• _Requirement_:
In the data below, reproduce everything exactly except the images.

• _Data segment_:
##########
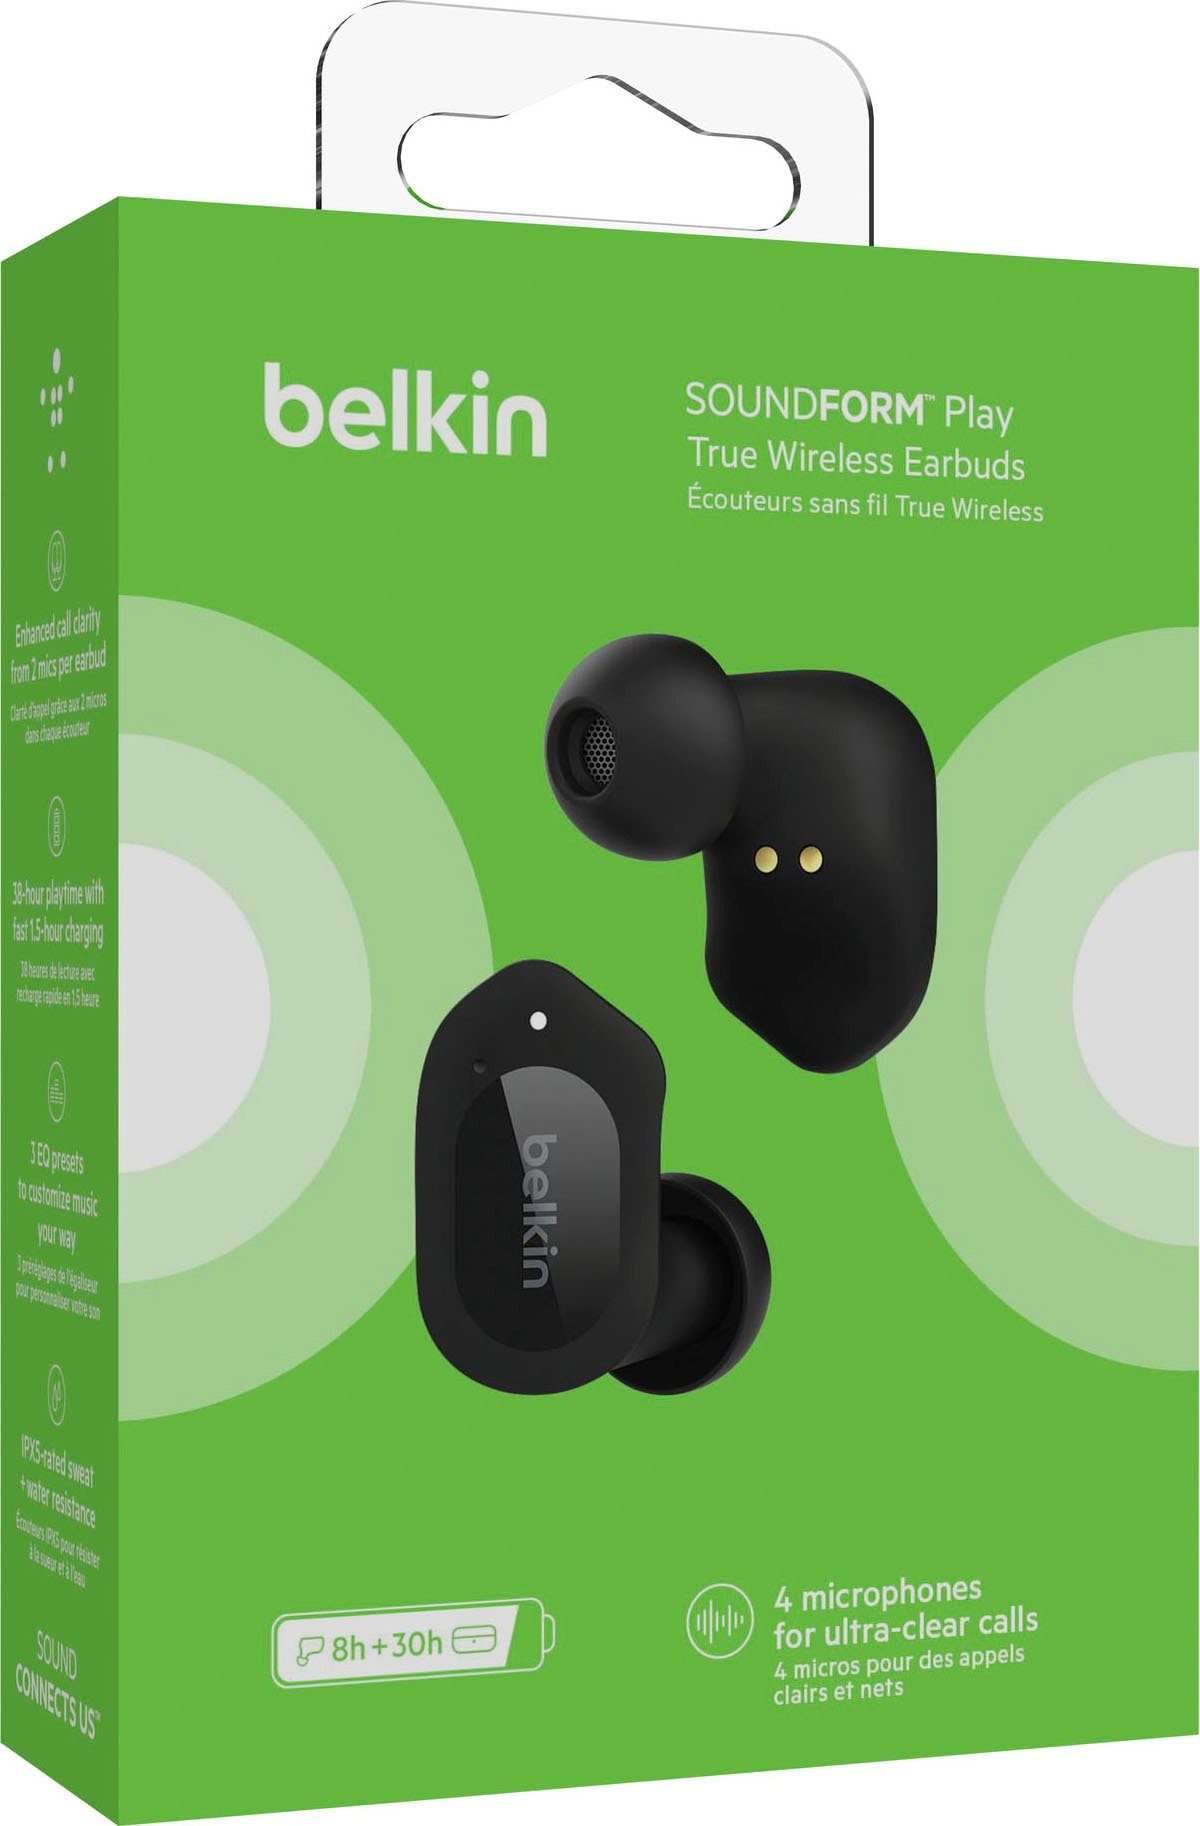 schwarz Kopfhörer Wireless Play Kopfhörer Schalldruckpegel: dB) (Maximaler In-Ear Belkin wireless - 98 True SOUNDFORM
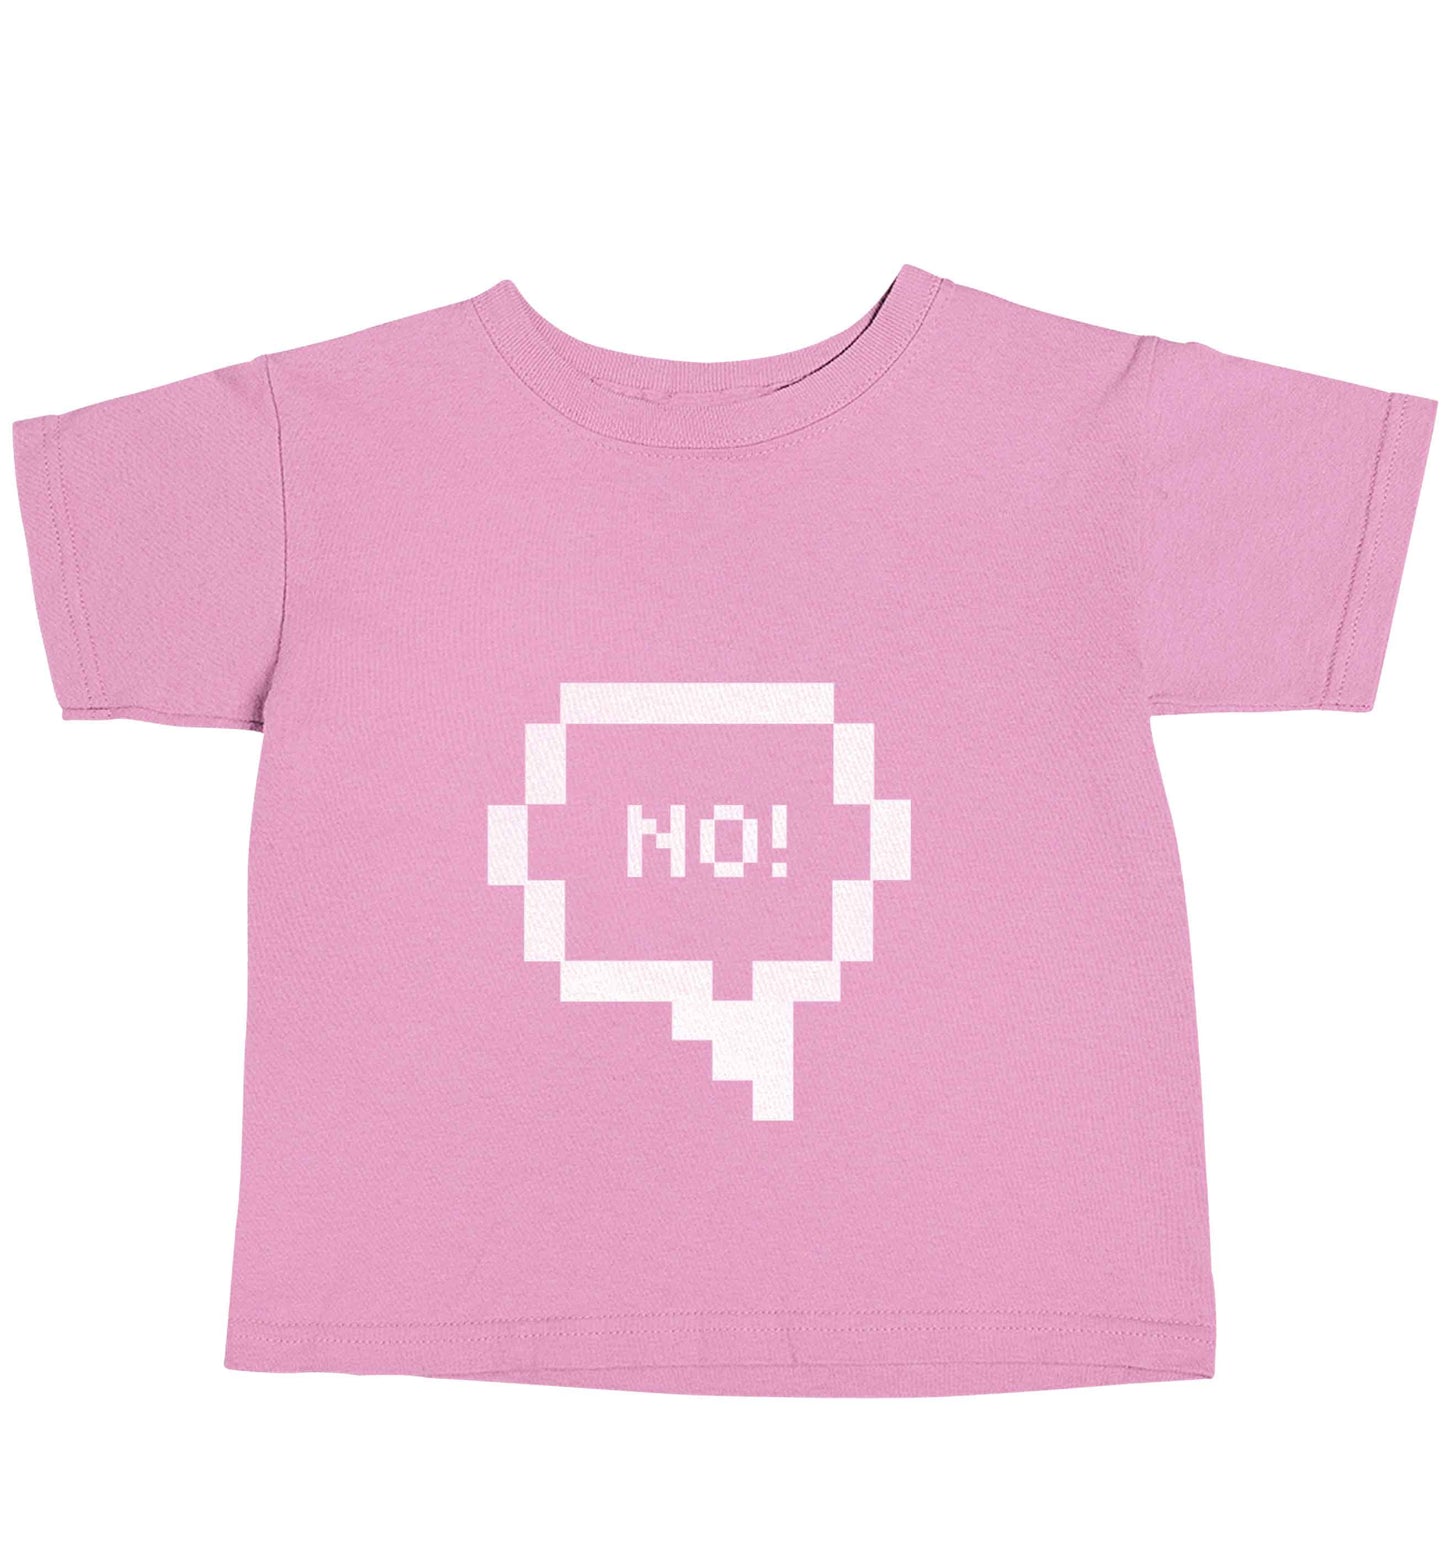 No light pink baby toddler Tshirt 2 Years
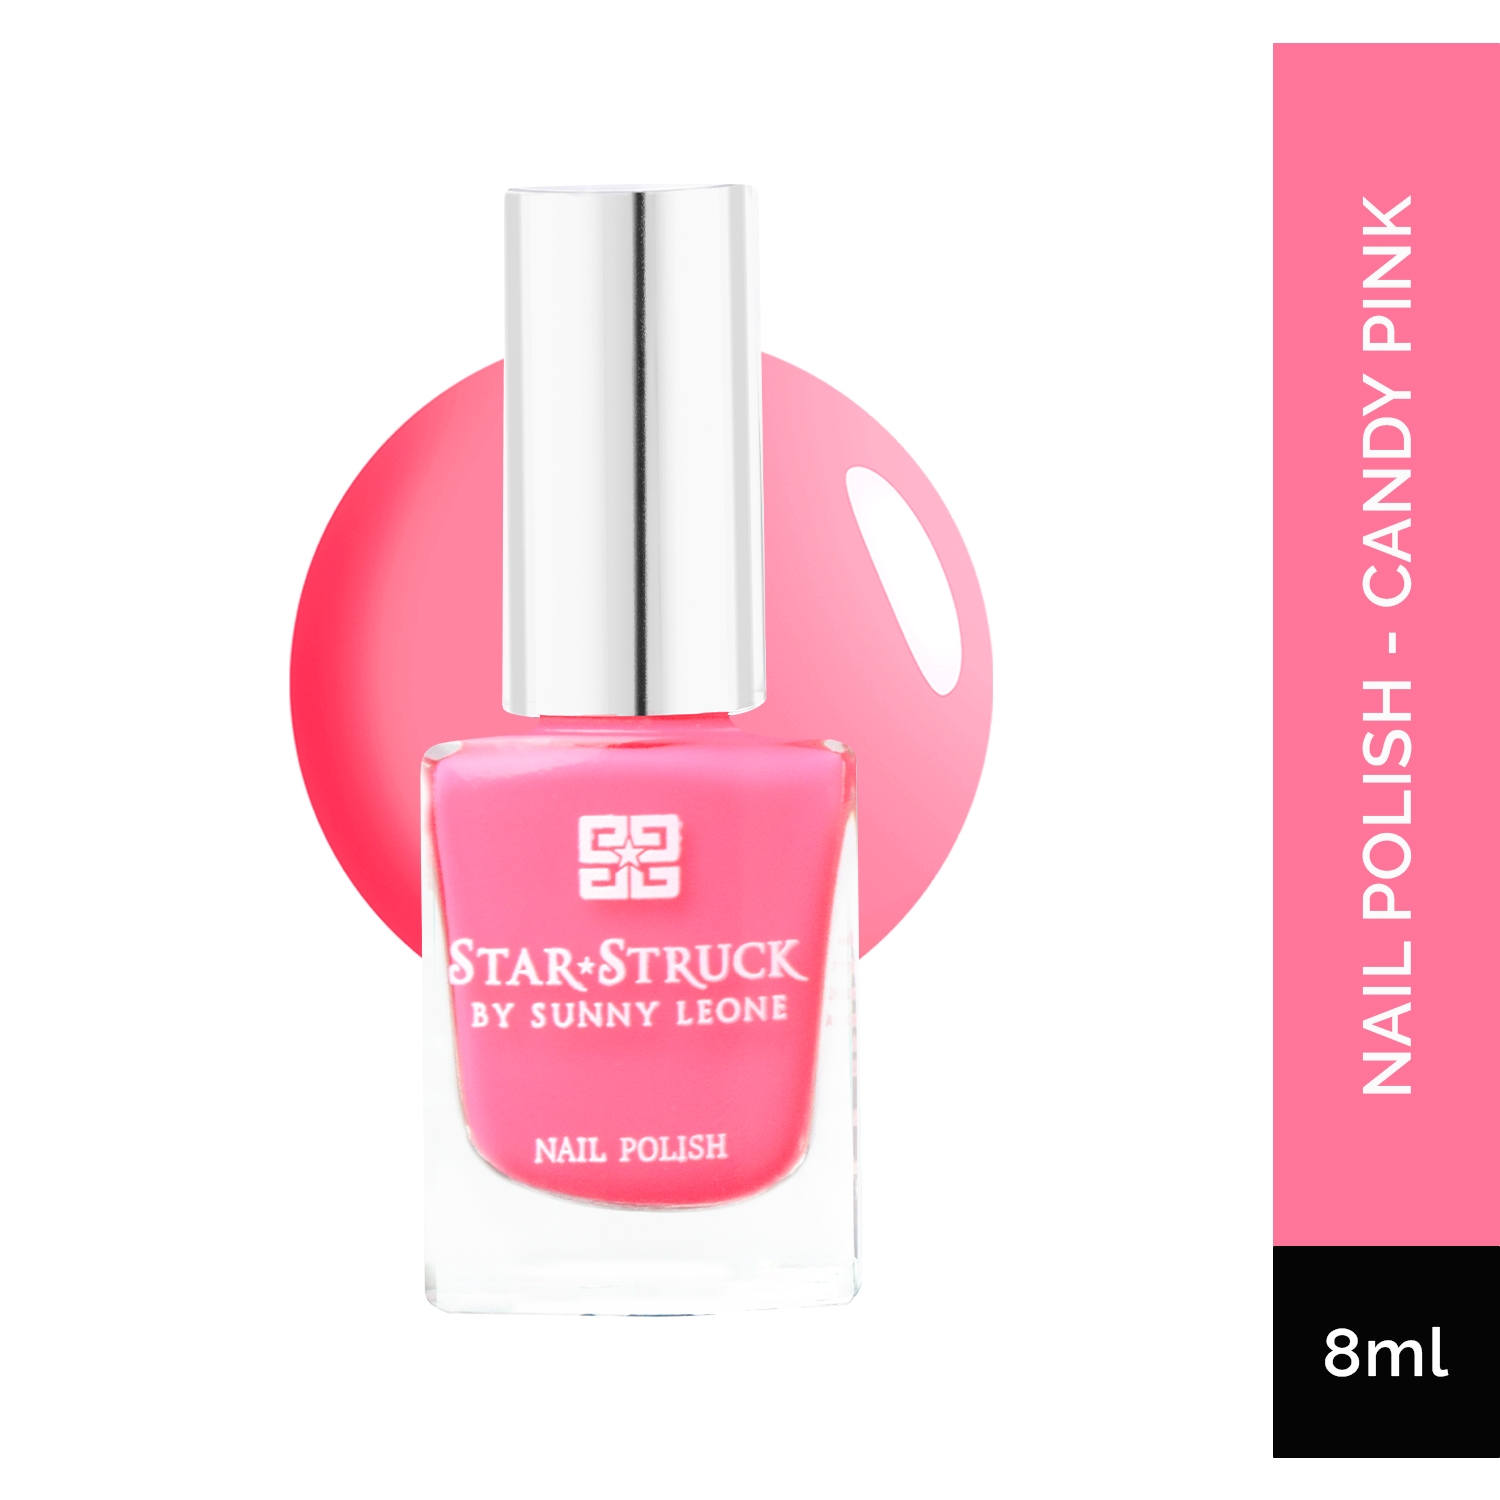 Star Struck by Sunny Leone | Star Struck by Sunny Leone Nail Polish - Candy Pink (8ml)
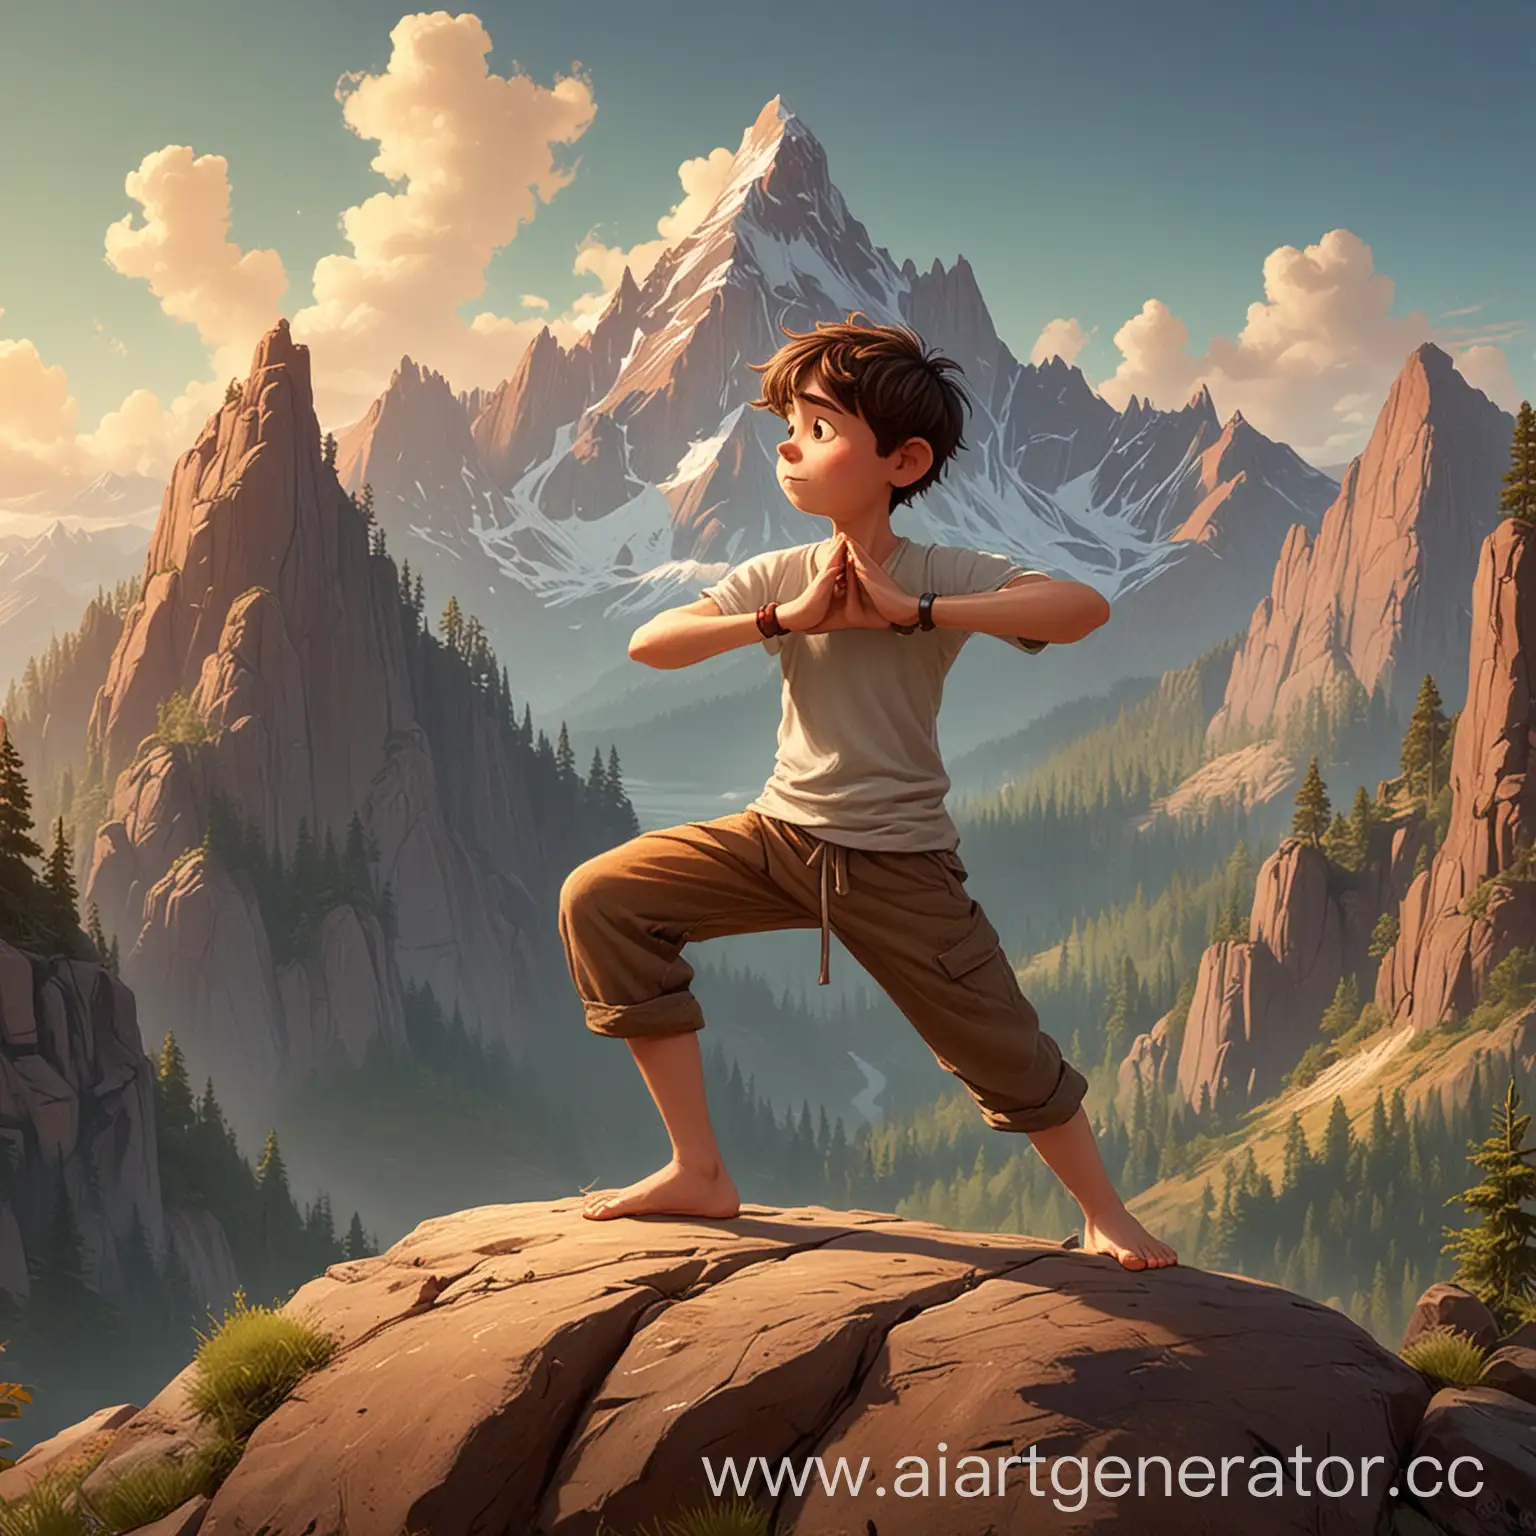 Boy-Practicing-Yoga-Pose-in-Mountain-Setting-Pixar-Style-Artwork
##########
• _Finished exercise_:
 schwarz Kopfhörer Wireless Play Kopfhörer Schalldruckpegel: dB) (Maximaler In-Ear Belkin wireless - 98 True SOUNDFORM
 No light pink baby toddler Tshirt 2 Years
 Star Struck by Sunny Leone | Star Struck by Sunny Leone Nail Polish - Candy Pink (8ml)
 Boy-Practicing-Yoga-Pose-in-Mountain-Setting-Pixar-Style-Artwork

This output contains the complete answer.